Colorado
How Armstrong v. State of Louisiana applies in Colorado: state-specific rules, key cases, and bar exam notes for Torts.
Colorado law follows a similar principle of government liability as articulated in Armstrong v. State of Louisiana. State entities can be held liable for tortious conduct committed by their employees, provided that the conduct falls within the scope of employment.
In Colorado, the Colorado Governmental Immunity Act (CGIA) governs the liability of public entities, allowing for claims against the state under specific circumstances, including negligence by public employees.
The court held that state employees could be held liable for negligence resulting in injury to an individual if the act was performed within the scope of employment.
The court ruled that the Colorado Governmental Immunity Act only protects public entities when sovereign immunity applies, allowing negligence claims under specified exceptions.
This case clarified the boundaries of liability regarding public entities, emphasizing that the state can be held liable for actions that create a danger to the public when employees act negligently.
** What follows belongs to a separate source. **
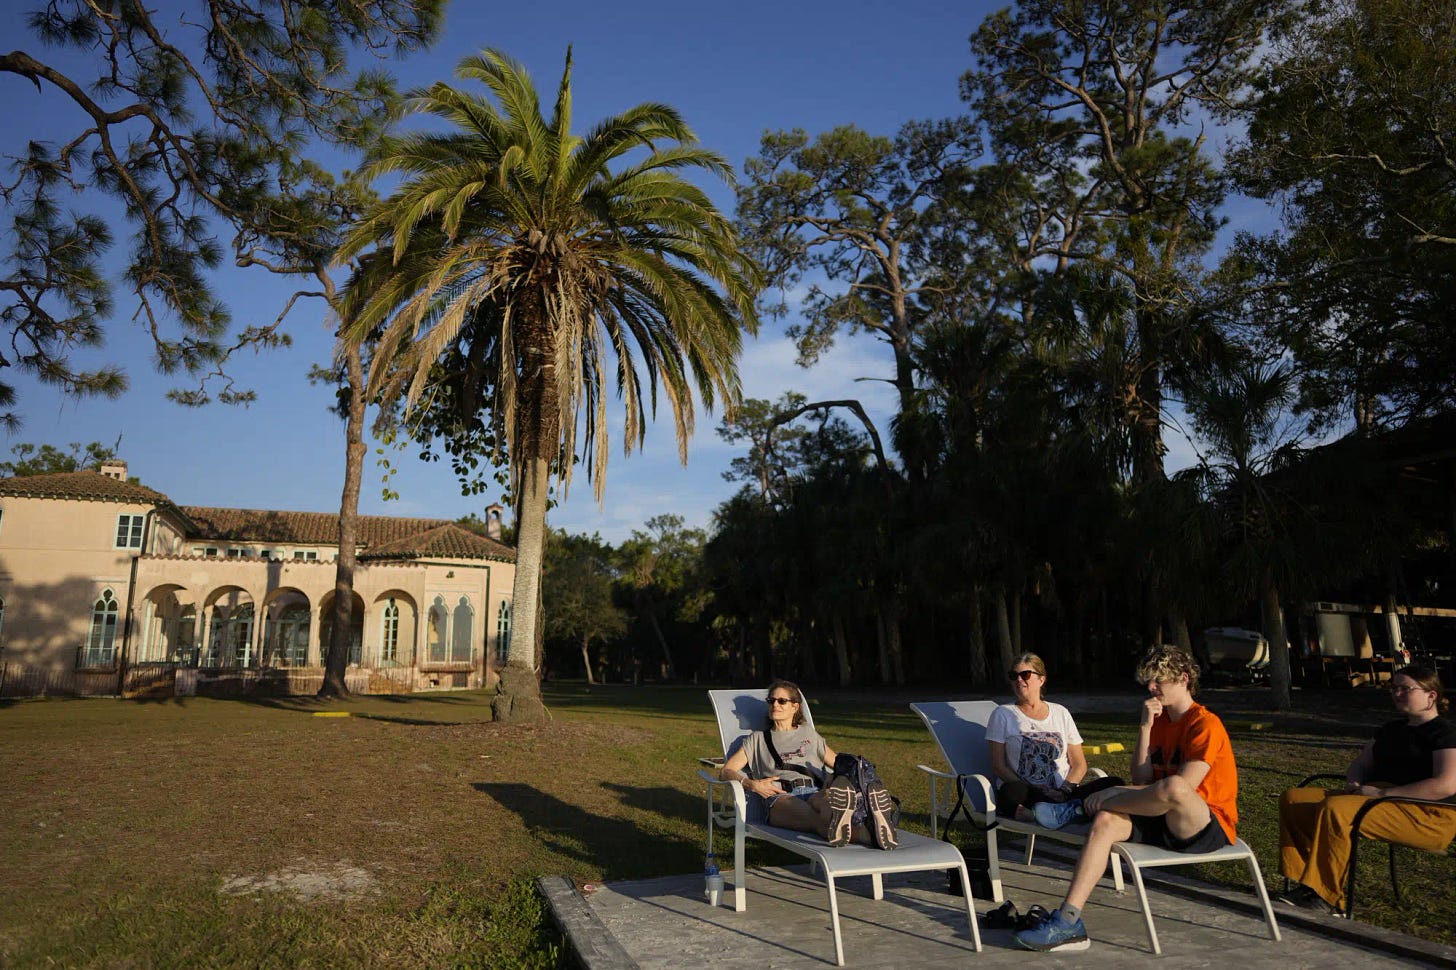 Joyce White, third from right, sits with her daughter Lola, right, son Liam, second right, and friend Eliana Salzhauer, on the waterfront at New College of Florida, where Lola is a third-year biology major with plans to be a veterinarian, Wednesday, March 1, 2023, in Sarasota, Fla. "We found this little school that was perfect for Lola," said White, whose daughter is autistic, has ADHD, and excelled at school, but found it very stressful. "Now it feels like everything has blown up." (AP Photo/Rebecca Blackwell)

Colorado's approach mirrors some federal principles regarding governmental immunity, especially under the Federal Tort Claims Act. However, Colorado has stricter limitations on the scope and nature of liability for state entities versus federal entities.
Candidates should understand the principles of governmental liability as articulated in both Armstrong and the Colorado Governmental Immunity Act, as these concepts frequently appear on the Colorado bar exam.